Always appreciate the offer, not that my insurance would allow it lol. If you do call over though, and find it useful, may be worth contemplating some training. Basic knowledge of machine handling, entry and exit points, spotting defects and their causes won't make you a pro detailer, BUT will give you confidence and competence to complete multiple cars :thumb:


----------



## Bigoggy (Sep 1, 2014)

Haha mate im also handy with a brush. Where can i find the training mate that would be great to do. Im sure a visit to you, even a quick one would be useful i have seen some your work ! you have a lot of knowledge and experience and share it well.


----------



## stangalang (Nov 27, 2009)

Bigoggy said:


> Haha mate im also handy with a brush. Where can i find the training mate that would be great to do. Im sure a visit to you, even a quick one would be useful i have seen some your work ! you have a lot of knowledge and experience and share it well.

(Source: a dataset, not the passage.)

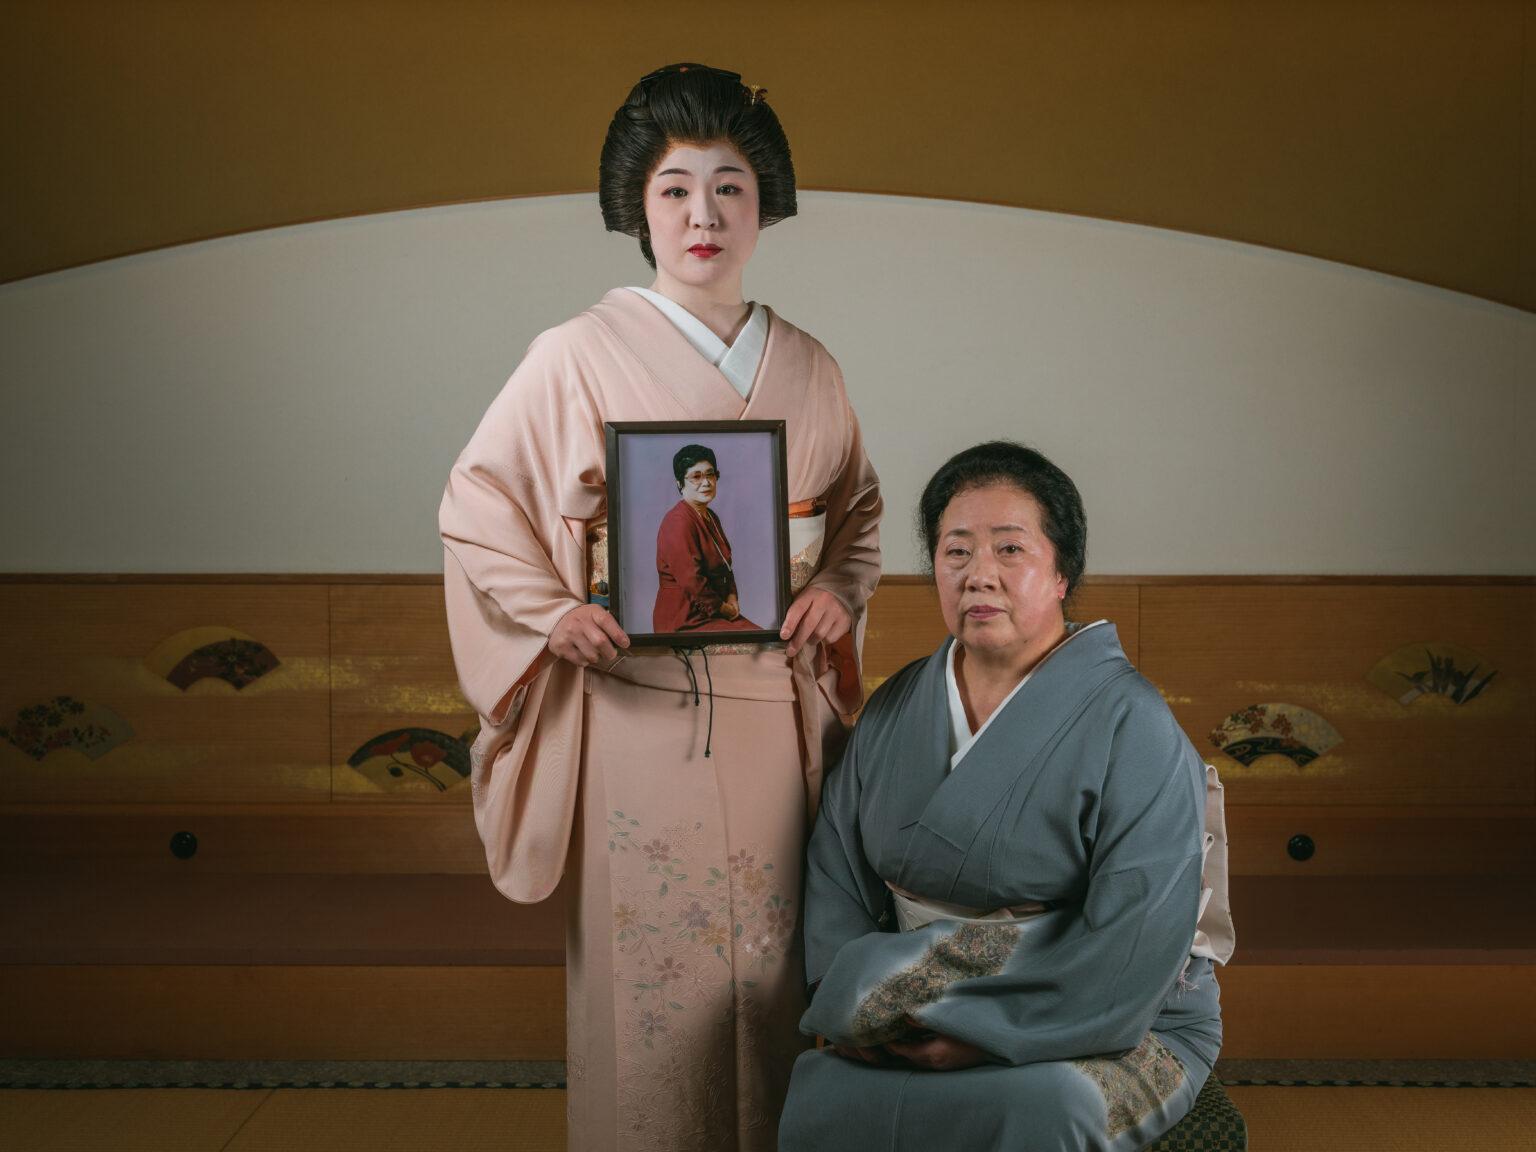 Mai Watanabe (L) poses holding her grandma picture as her mom Michiyo sit beside for a portrait picture inside a restaurant called Mangero on April 24, 2022 in Aizuwakamatsu, Japan. Mai Watanabe is the 3rd generation of Geisha from her family’s geisha house called “Hana no Ya”. Her grandmother founded the house in 1954 in Higashiyama Onsen, Aizuwakamatsu. Photo by Nicolas Datiche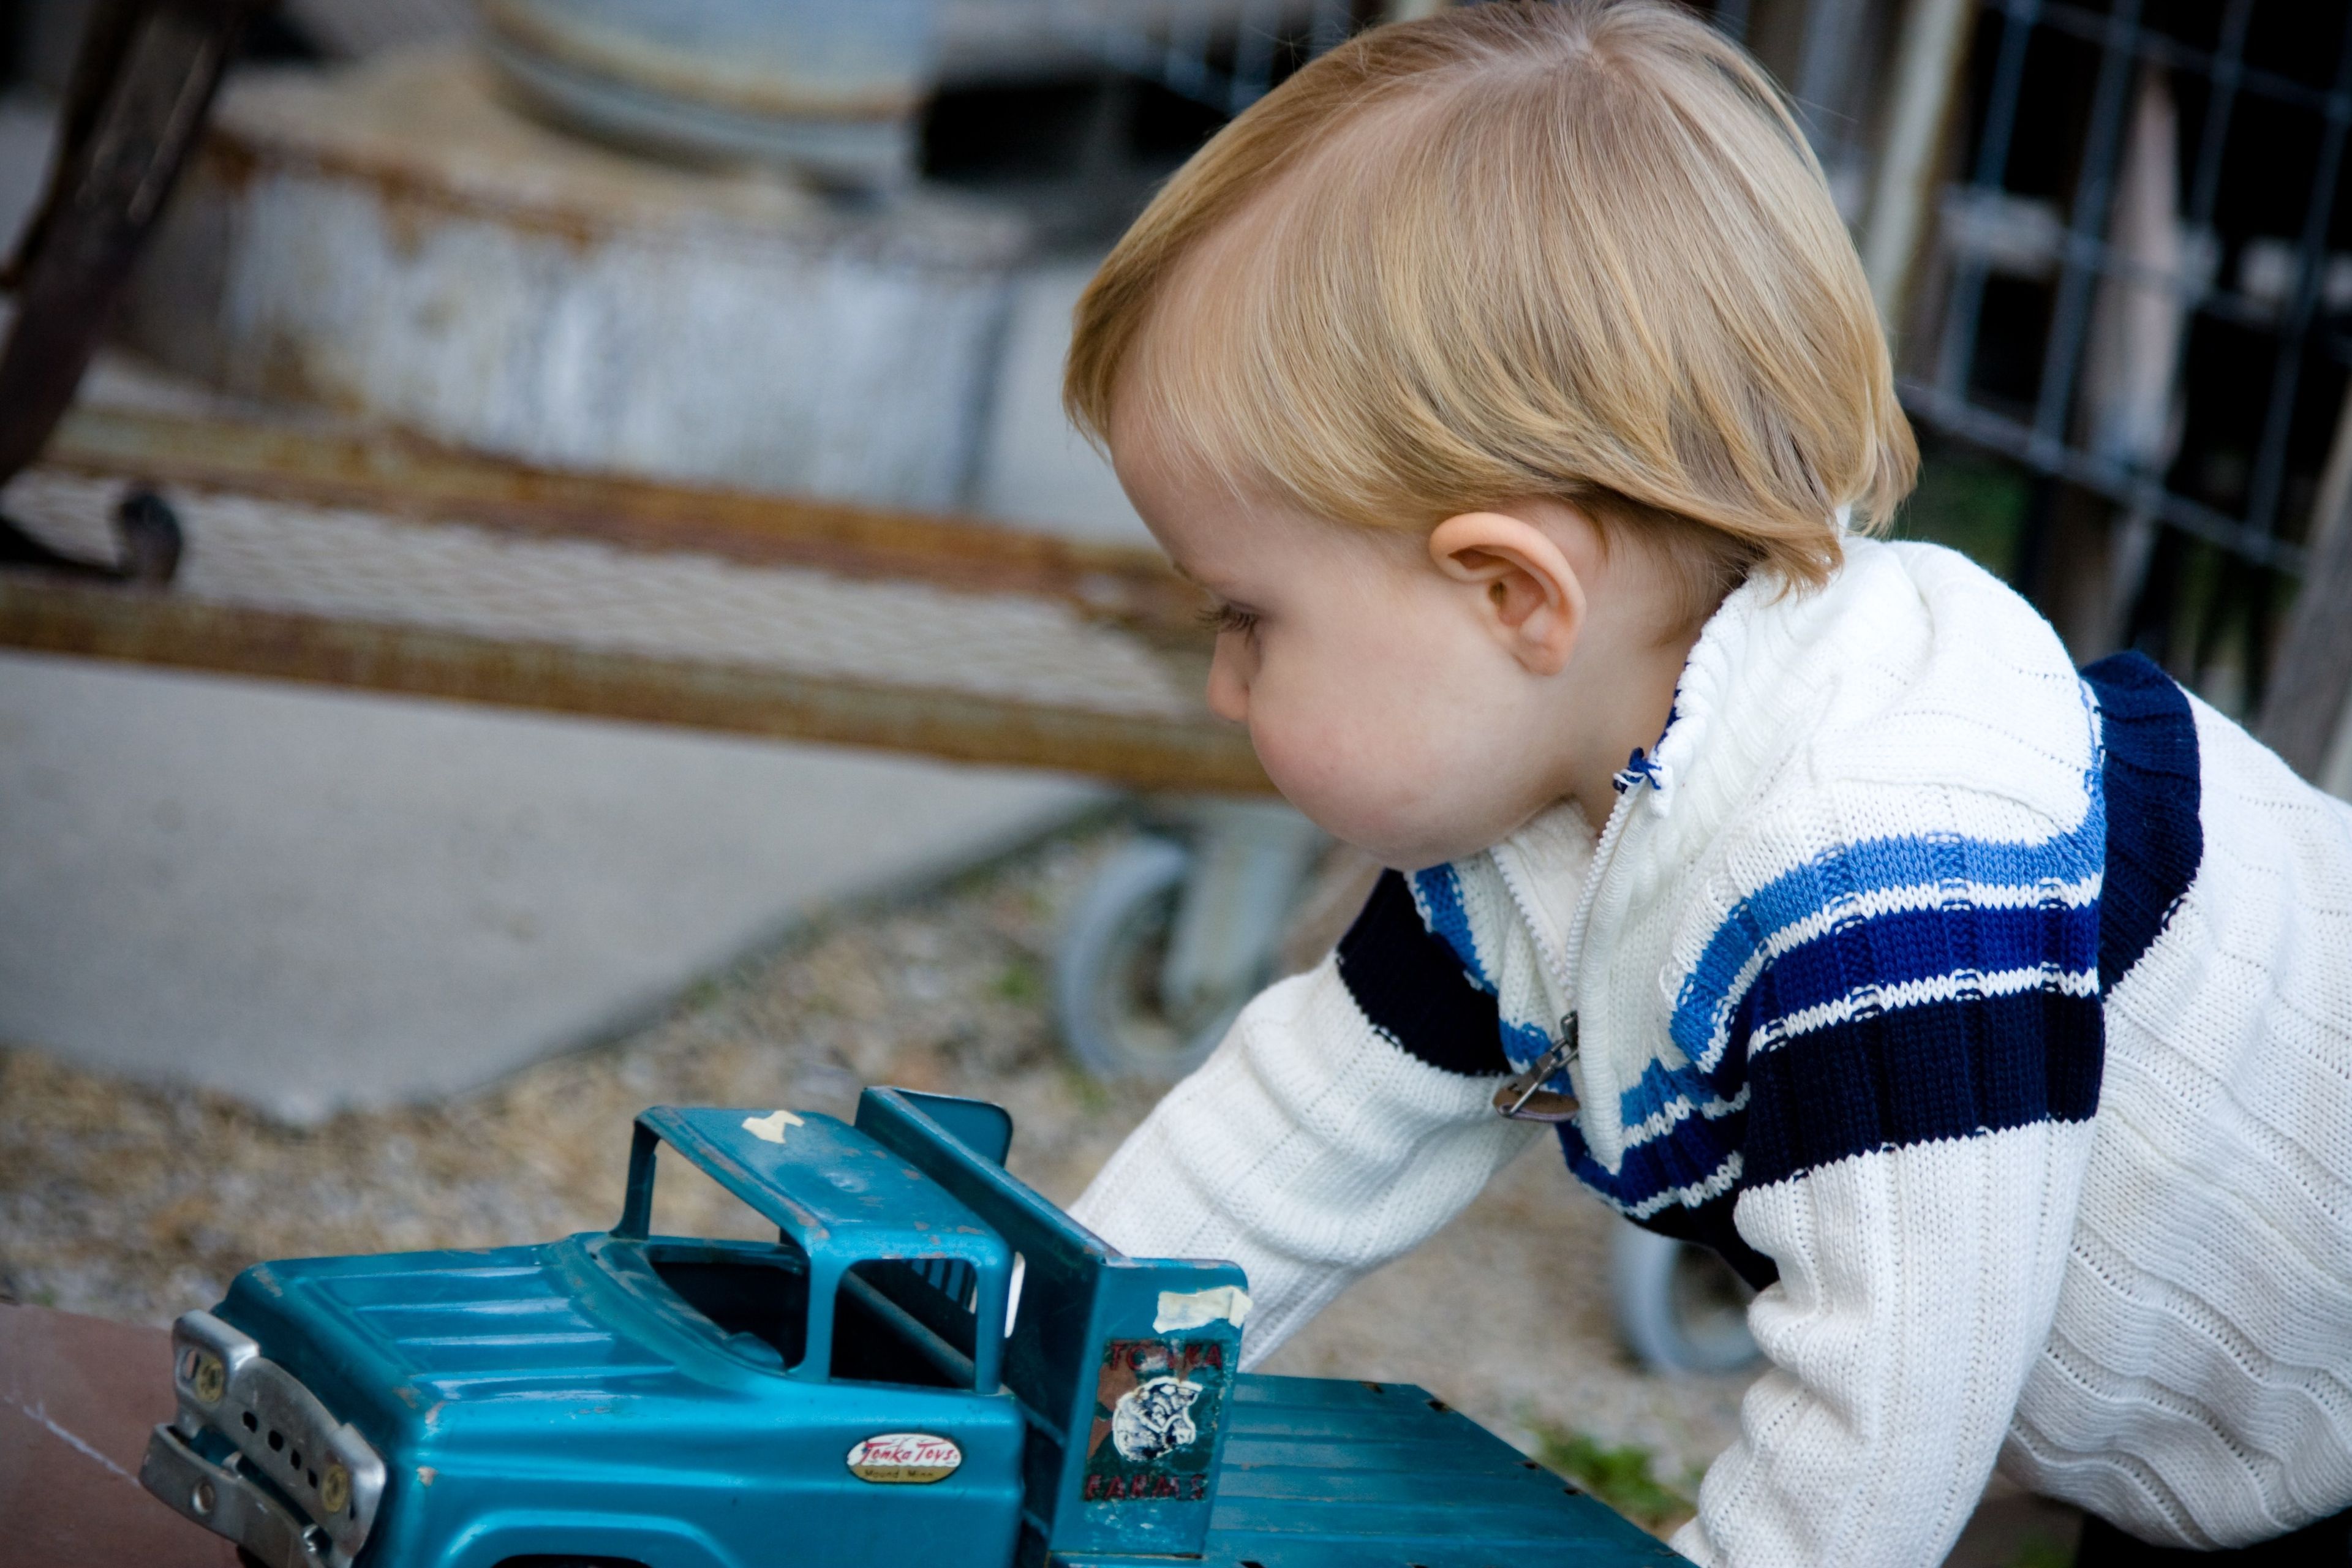 A toddler plays with a blue truck.

We do training buddy, but its one to one at the moment, not in big classes. Its all about covering solid basics, not teaching wet sanding to people who have never machined before. That said, when you understand the basics, its easier to make informed decisions and you will be able to apply it to many situations.

But that aside, i strongly suggest just nipping over and grabbing a few drops of the megs twins and comparing to your current polishes to see whats capable before sanding :thumb:


----------



## MDC250 (Jan 4, 2014)

Out of interest Matt what sort of money are we talking for some basic tuition? Appreciate that may be one for a PM...


----------



## Bigoggy (Sep 1, 2014)

stangalang said:


> Always appreciate the offer, not that my insurance would allow it lol. If you do call over though, and find it useful, may be worth contemplating some training. Basic knowledge of machine handling, entry and exit points, spotting defects and their causes won't make you a pro detailer, BUT will give you confidence and competence to complete multiple cars :thumb:


I see you do training days on your website. Im having a look before bed. Might just have found my christmas present :buffer: hopefully il be able to pop up soon and get some good advice and see about getting some training booked if im on santas nice list


----------



## Bigoggy (Sep 1, 2014)

MDC250 said:


> Out of interest Matt what sort of money are we talking for some basic tuition? Appreciate that may be one for a PM...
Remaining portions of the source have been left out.